Very simple and short variants of a BinSearch are given below.
I have tested three methods mentioned above using a list of 129
Web-names which were stored in my MS IE 4.0 cache. The number of
requests varied from 100 to 4000 and consisted of an equal parts of
a words from the Web-names list and from the words absent in the Web-names
list. The results are: WORDPOS is always the best, BinSearch for an
indexed
strings is always the second and BinSearch for nonindexed strings - the
last.
All three methods asymptotically tends to give the same timing.

It would be natural to assume according to these results that a Rexx
string
class is an ordered collection of the words and wordpos is an efficiently
realized binary search.

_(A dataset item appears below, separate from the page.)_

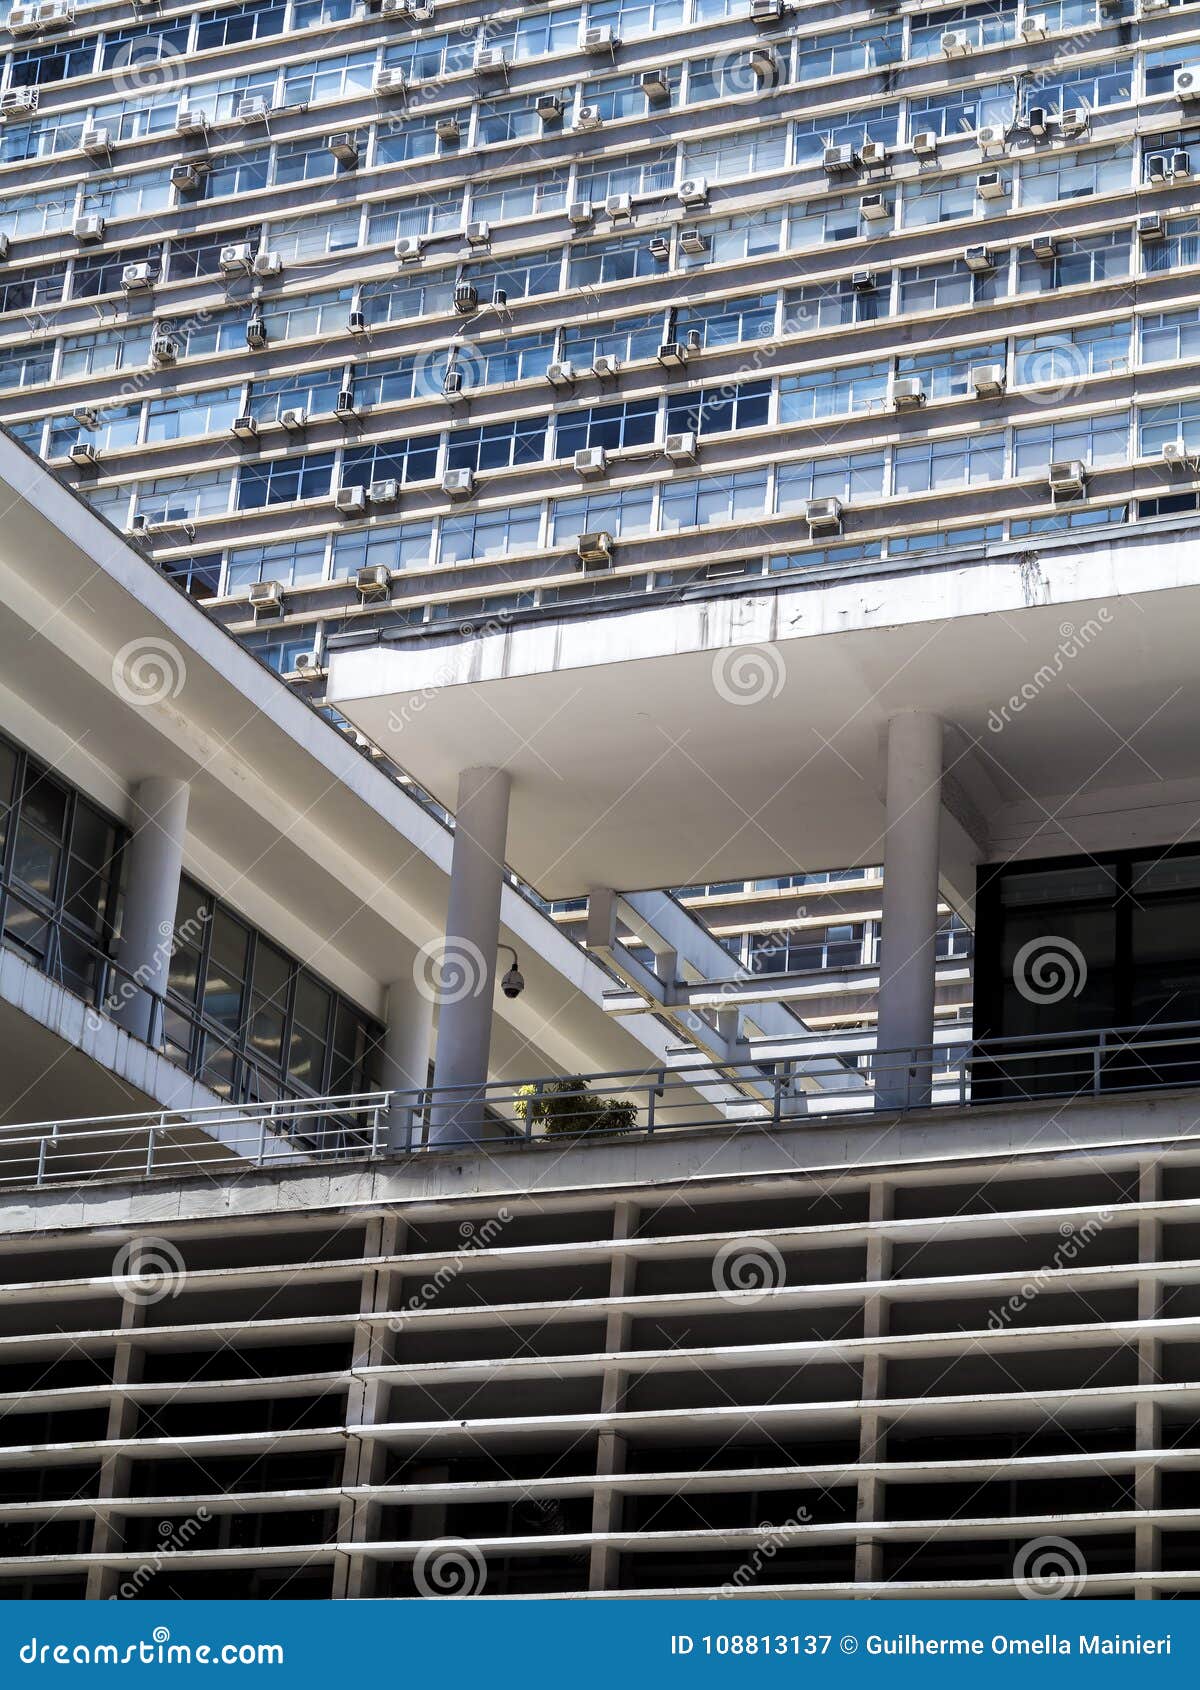 geometric facade of the conjunto nacional building on the paulista avenue

On the other hand absence of a SORT method in
the Rexx string class contradicts to this assumption.

So would anybody say where an inefficiency of my ABinSearch comparing
wordpos lies? ( As for BinSearch - subword is time-wasting for sure ).
( I suppose also that s[i] operation is TIMES FASTER then wordpos ).

-- Duplicates are absent in the argument lists
-- w  - input word which presense in the list is checked.
-- s  - input ordered list of words
-- wp - current word of the list
-- nl - number of the words on the left including wp
-- nr - number of the words on the right of wp
-- non-strict compare is used to encrease speed.

class test binary public

    method BinSearch( w = Rexx, s = Rexx ) public static returns boolean
       If ( s = "" ) | ( w = "" ) Then return boolean 0

        n  = int s.words()      
       nl = int ( n + 1 ) % 2  
       nr = int n - nl        
       wp = s.word( nl )

       Loop forever
           if ( w = wp )       Then return boolean 1
           if ( w < wp )  Then
           Do
                if ( nl <= 1 ) Then return boolean 0
                s  = s.subword( 1, nl - 1 )
                n  = nl - 1
                nl = nl % 2
           End
           Else
           Do
                if ( nr = n ) -
                |  ( nr = 0 )  Then return boolean 0
                s  = s.subword( nl + 1 )
                n  = nr
                nl = ( nr + 1 ) % 2
           End
           nr = n - nl
           wp = s.word( nl )
       End


method ABinSearch( w = Rexx, s = Rexx ) public static returns boolean
       If ( w = "" ) Then return boolean 0

       n  = s[0]              
       nl = ( n + 1 ) % 2      
       nr = n - nl            
       wp = s[nl]

       Loop forever
           if ( w = wp )       Then return boolean 1
           if ( w < wp )  Then
           Do
                if ( nl <= 1 ) Then return boolean 0
                n  = nl - 1
                nl = ( n + 1 ) % 2
           End
           Else
           Do
                if ( nr = n ) -
                |  ( nr = 0 )  Then return boolean 0
                nl = nl + ( nr + 1 ) % 2
           End
           nr = n  - nl
           wp = s[nl]
       End

Sorry for the poor English and too long novice question,
Oleg Kulikov,
PIE SI,
[hidden email],
[hidden email]
.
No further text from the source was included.